Home life is far from luxury but neither is it spartan. The shower is excellent and the mirror next to the head adds ten minutes of shampoo-mohawk modeling time to my washup. I shave and cut my hair in this mirror. The water heater is a tankless with a digital thermostat which I forget to turn off. The toilet seat is a plastic cushion. The washing machine spits suds out onto the tile floor, into the central drain it shares with the shower. To dry, articles are put on hangers on a knotted nylon rope stretched, sloping down across the bedroom.

In the kitchen, a mini fridge holds the last of a pint of cherry tomatoes, a tub of spicy bean paste, soy sauce, six brown eggs, butter, water, and milk. The cupboards hold a supply gradually reaching comprehensiveness: noodles, flour, oil, sugar, salt, baking powder, coffee, a packet of anchovy sauce mix powder and an onion. I have a gas double-burner range with a valve on the wall which I forget to turn off, and there is a VHS cassette-sized baking drawer I haven't tested yet. The last resident left a toaster which smells like melting plastic when turned on. I'm very pleased with my grocery-store knife and cutting board, but I need more prep space.

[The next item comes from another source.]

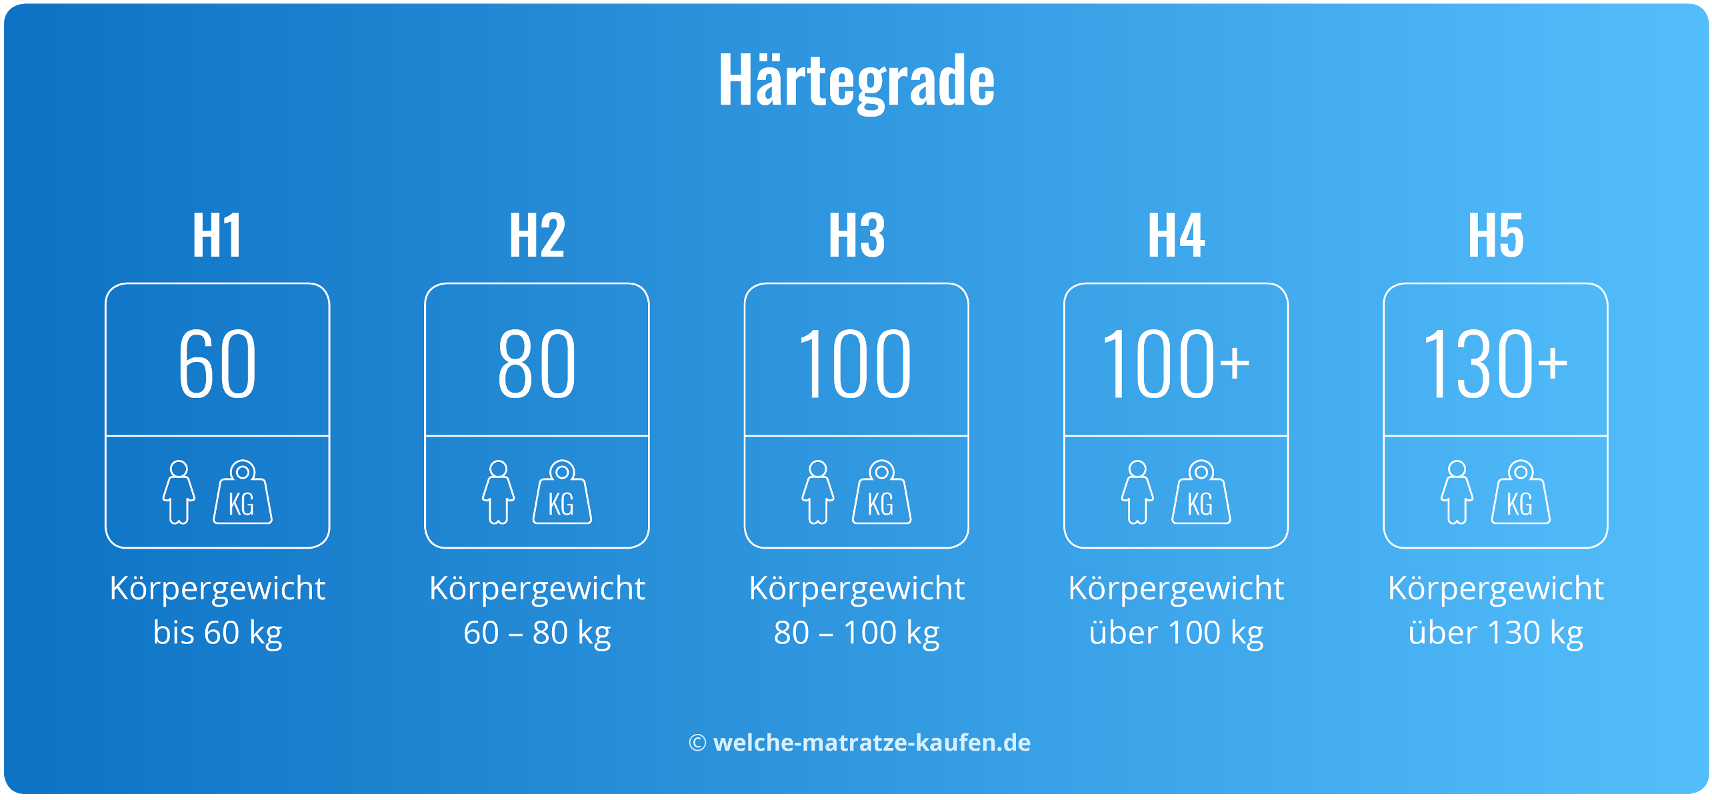 Hartegrad Matratze H2 Fabulous Hartegrad Matratze H2 With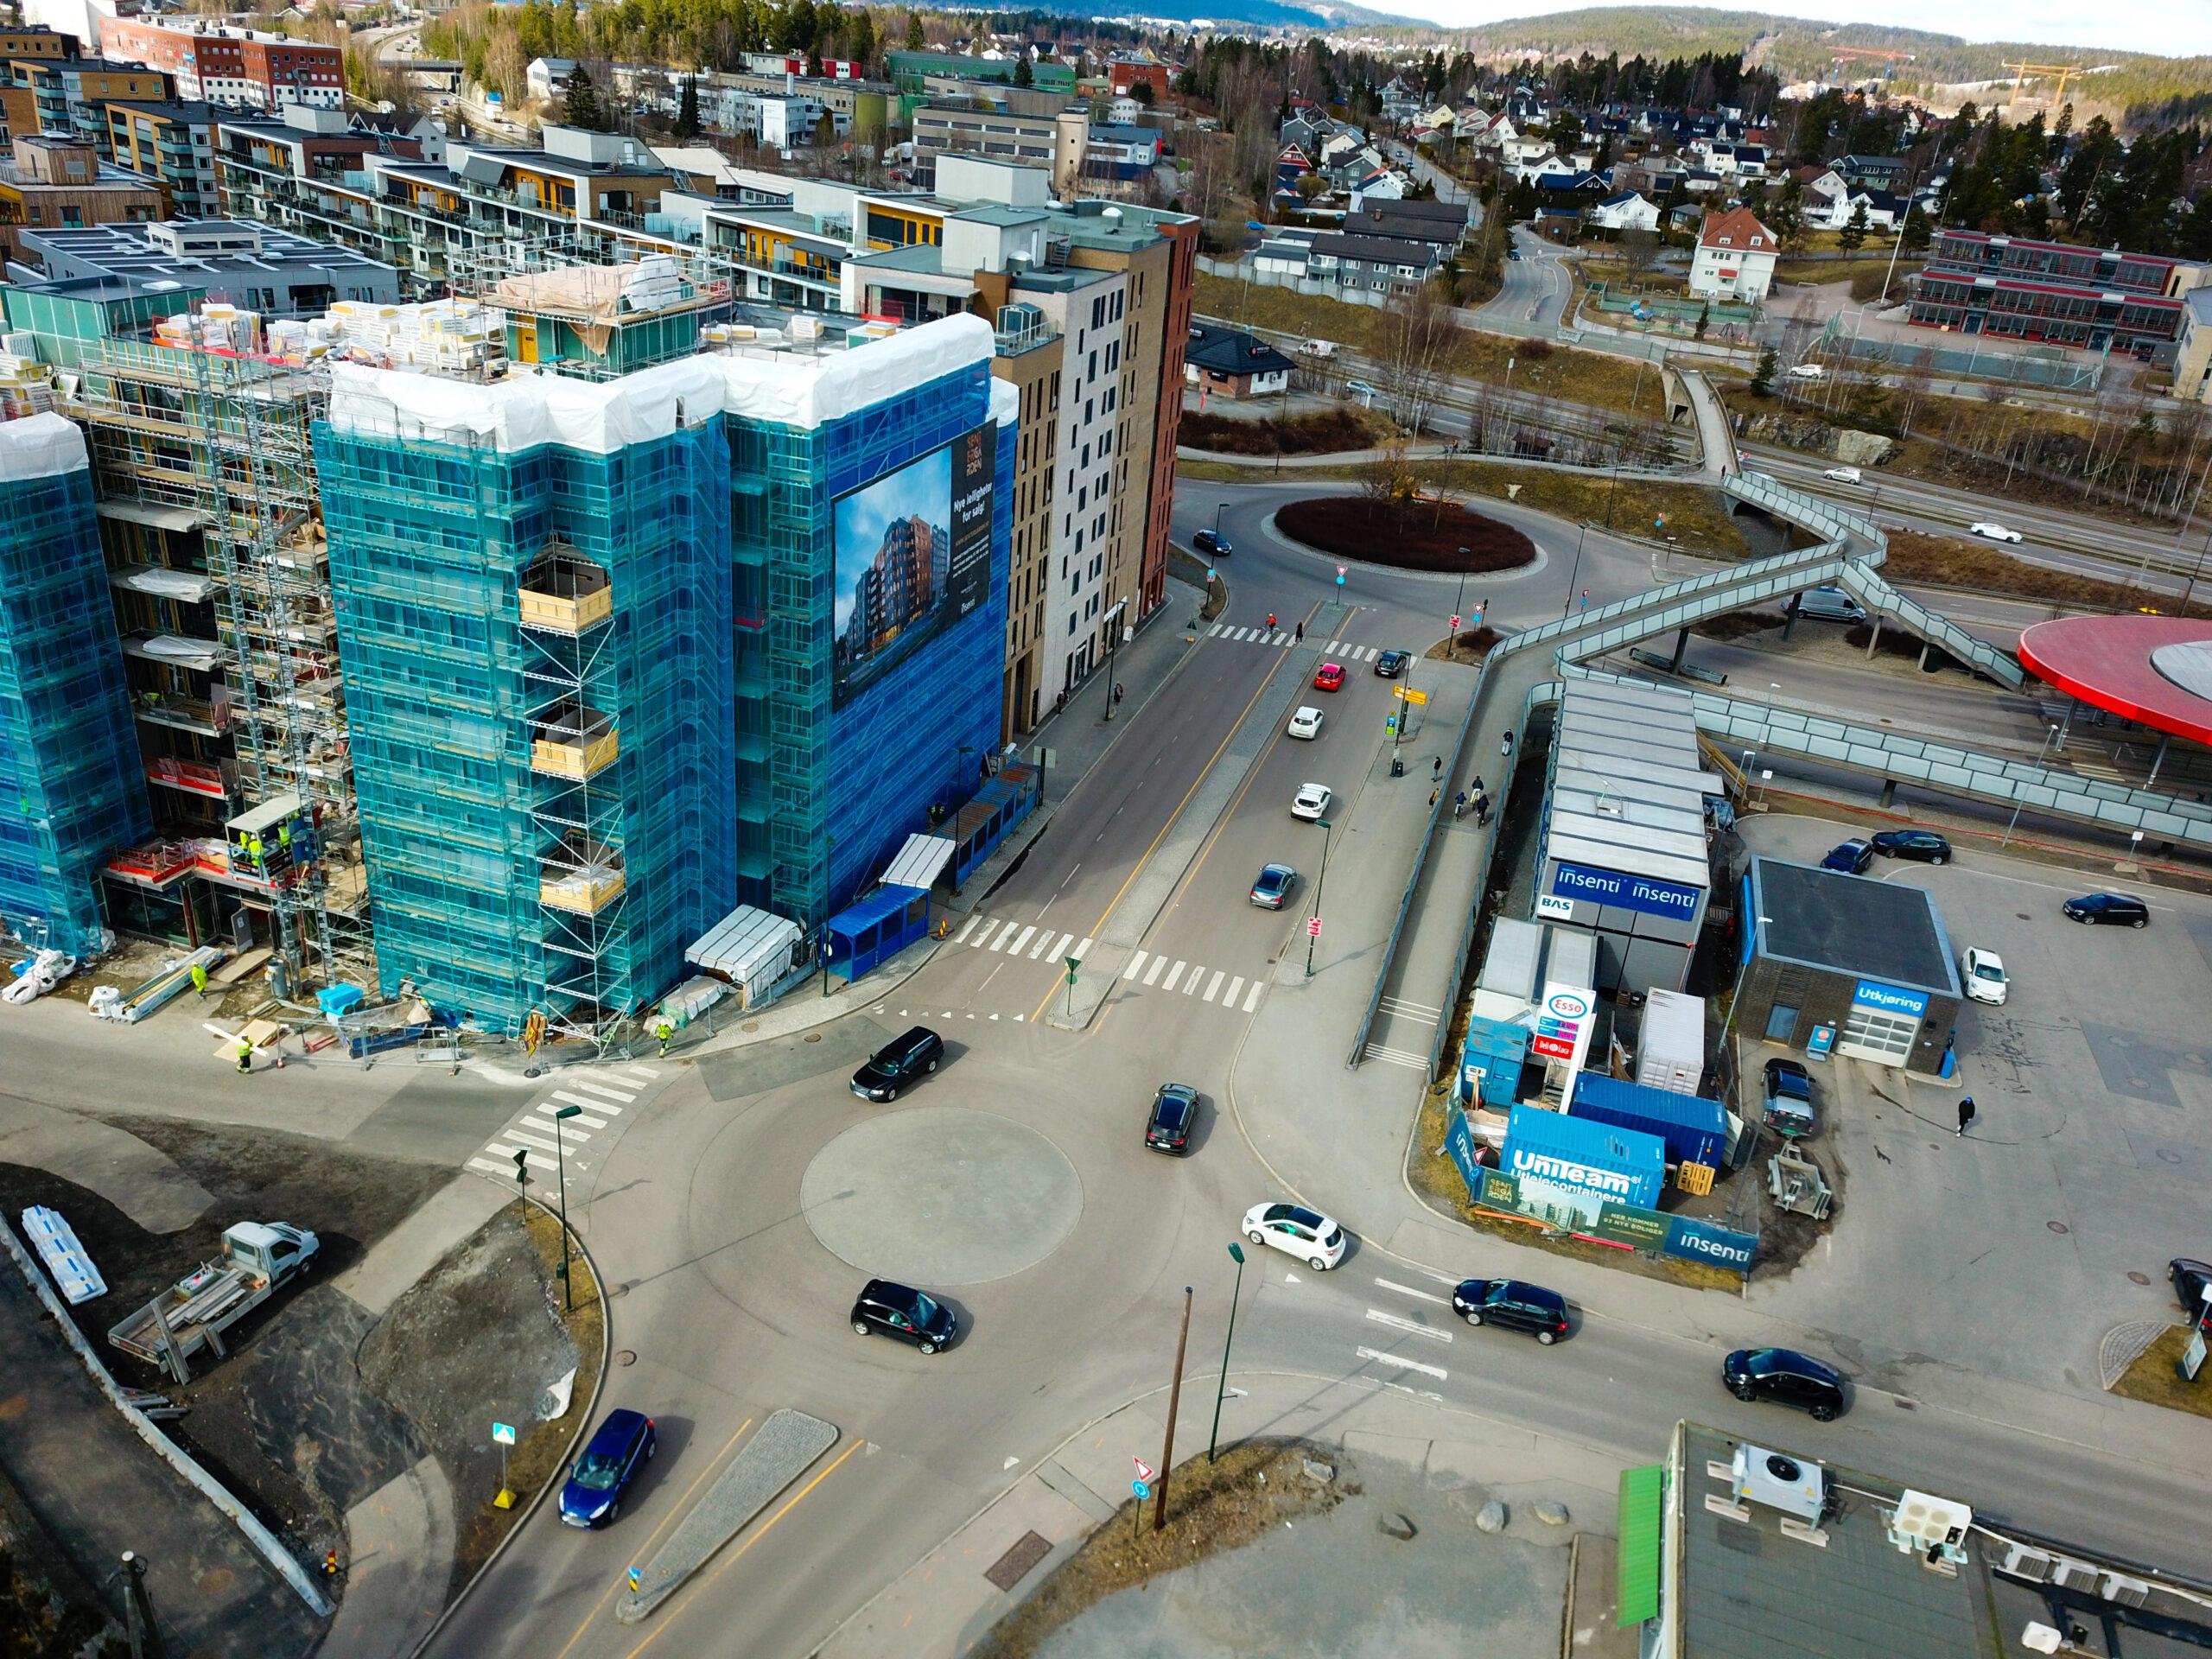 Strekningen fra og med rundkjøringen ved Biblioteksgata og fram til Solheimveien i Skårersletta skal også bygges om. Arbeidene her begynner mandag 26. april. Foto: Kristian Hvesser, Lørenskog kommune.

If I had a workshop I'd build a small table to fit the bill, but I don't, so I'll have to improvise something.

The window screens are holy and don't fit right which lets the mosquitoes in which keeps me up at night. Otherwise, I watch TV online, eat breakfast, dinner and snacks, Skype and read sitting up in bed. The breeze flows through and it's usually cool enough. I'm happy here.